“Growing up, I heard my grandfather’s story. Plagued by alcoholism, he continued to lose the battle until one fateful day. He was drunk and behind the wheel. He lost control of the car and ended up in a ditch. Phased by the jolt, he watched the passenger door open and Jesus climbed into the cab.
‘Jesus was there. Dressed in white. He said, ‘You are going to die.’ I thought he meant right then but he simply said, ‘Don’t drink anymore.’ And with that, he got out of the cab and closed the door.’
My grandfather’s face spoke the truth. His eyes were always bright when he told the story. Every time, he ended by pointing upward and saying, ‘When Jesus tells you to do something, you do it. I haven’t had a drink since that day.’
It has been a year and six months since I drove off the road trying to end my life. I remember the air bag making it hard to breath and the sizzle sound of steam from the radiator. The heaviness of my life caved inward. The passenger door opened wide. In climbed a man dressed in white. His face expressed concern. He closed the door and looked at me.
Words of great love poured out. He gazed at me with his angelic face. ‘You are going to die…..’ The weight of those words mixed with all the heartbreak and sorrow from the day. ‘Stop the gorging. You don’t need food. You need me.’
I closed my eyes. The pain shot through my body. Tears swelled and I whispered, ‘Yes, Jesus.’ Then everything went dark when I heard the door slam shut.
I woke up in the stark hospital room a week later. I knew what I had to do. As soon as I was strong enough to go home. I asked my doctor to help me. I didn’t know where to begin but I knew I was going to die if I didn’t stop binge eating.

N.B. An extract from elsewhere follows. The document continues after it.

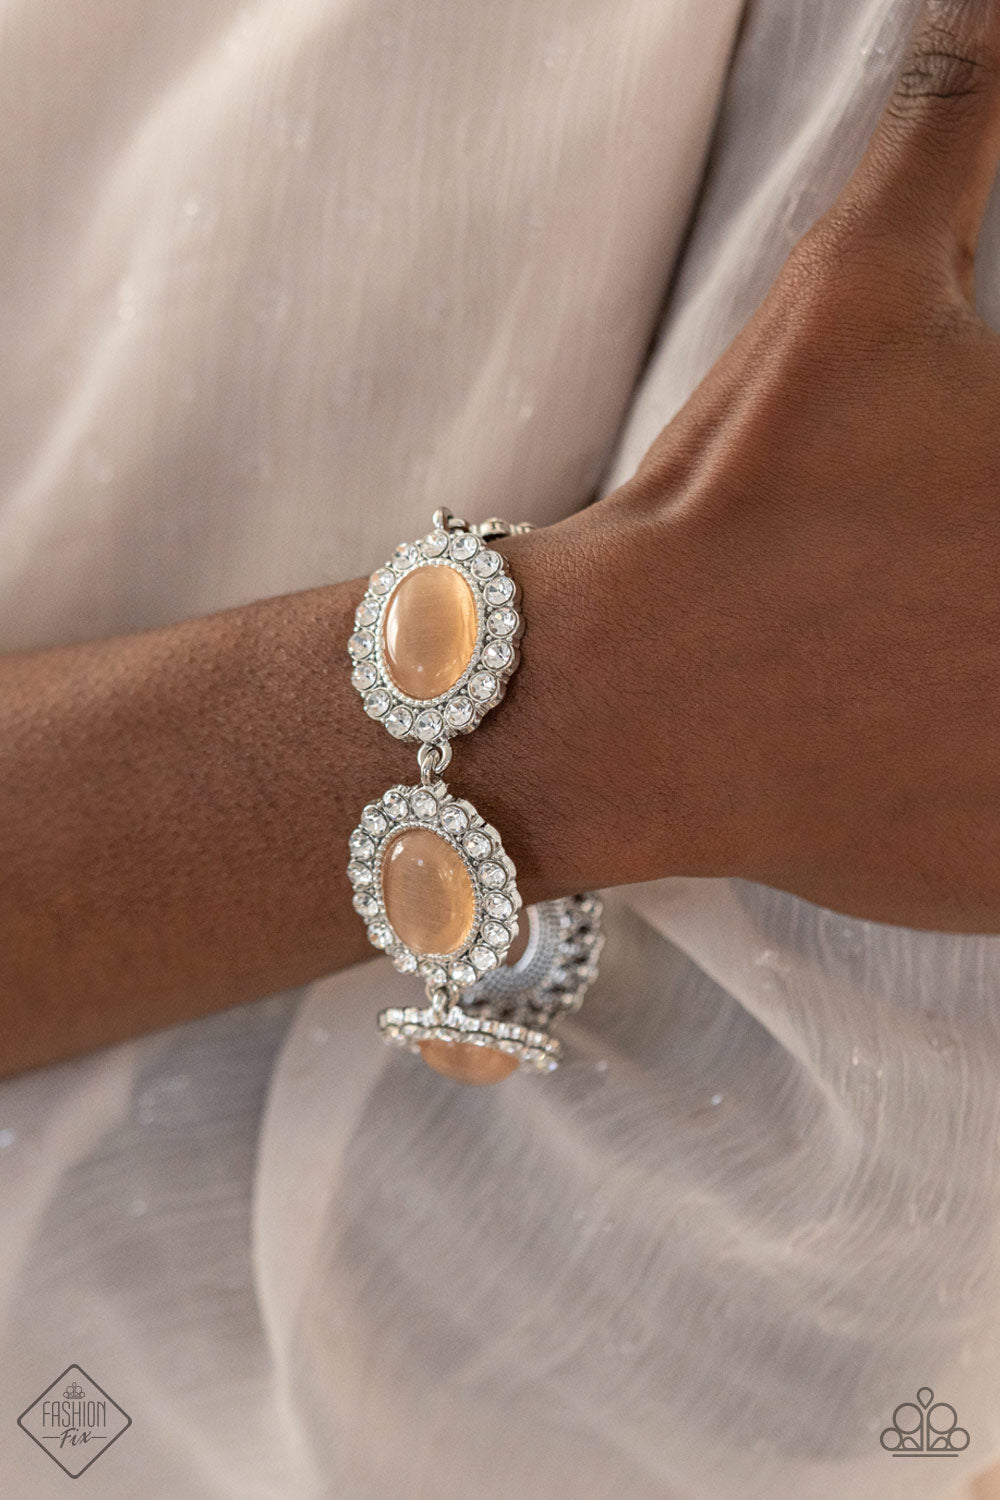 Paparazzi Demurely Diva Orange Clasp Bracelet - Fashion Fix Glimpses of Malibu February 2021

My doctor gave me the number of Overeaters Anonymous. I held onto the number like my life depended on it. I came. I sat. And I learned. I fought the urges and the binge’s sweet sounding voice. I struggled with the whole changing my eating habits. Carrots never satisfied me like a burger; but, I pushed through. I found satisfaction in Christ. I handed Him my life, my addictions and all that crap that I told myself.
Through OA, I found ways to cope. I built a support group that understood me and my addiction. They held me up. They pulled me up when I fell away from eating right. They spoke stern loving words when I called frantic that I might binge. They had a way of talking me down and away from the kitchen. They encouraged me when I enrolled in my first aerobics class. OA taught me that with Christ anything is possible. They applauded when every pound fell off the scale. And most of all they showed me how to love by loving me.
The judge granted Derrick primary custody. I lost my house. But, on the day I drove off the road, I gained my life back. They always say that from rock bottom you can only go up.
I am living proof. I am Priscilla Delinski. I am a binge eater. And today I celebrate, 150 pounds lost.”
Cheers fills the room when I step away from the podium. I am the new me. Grandfather was right. When Jesus tells you to do something, you do it.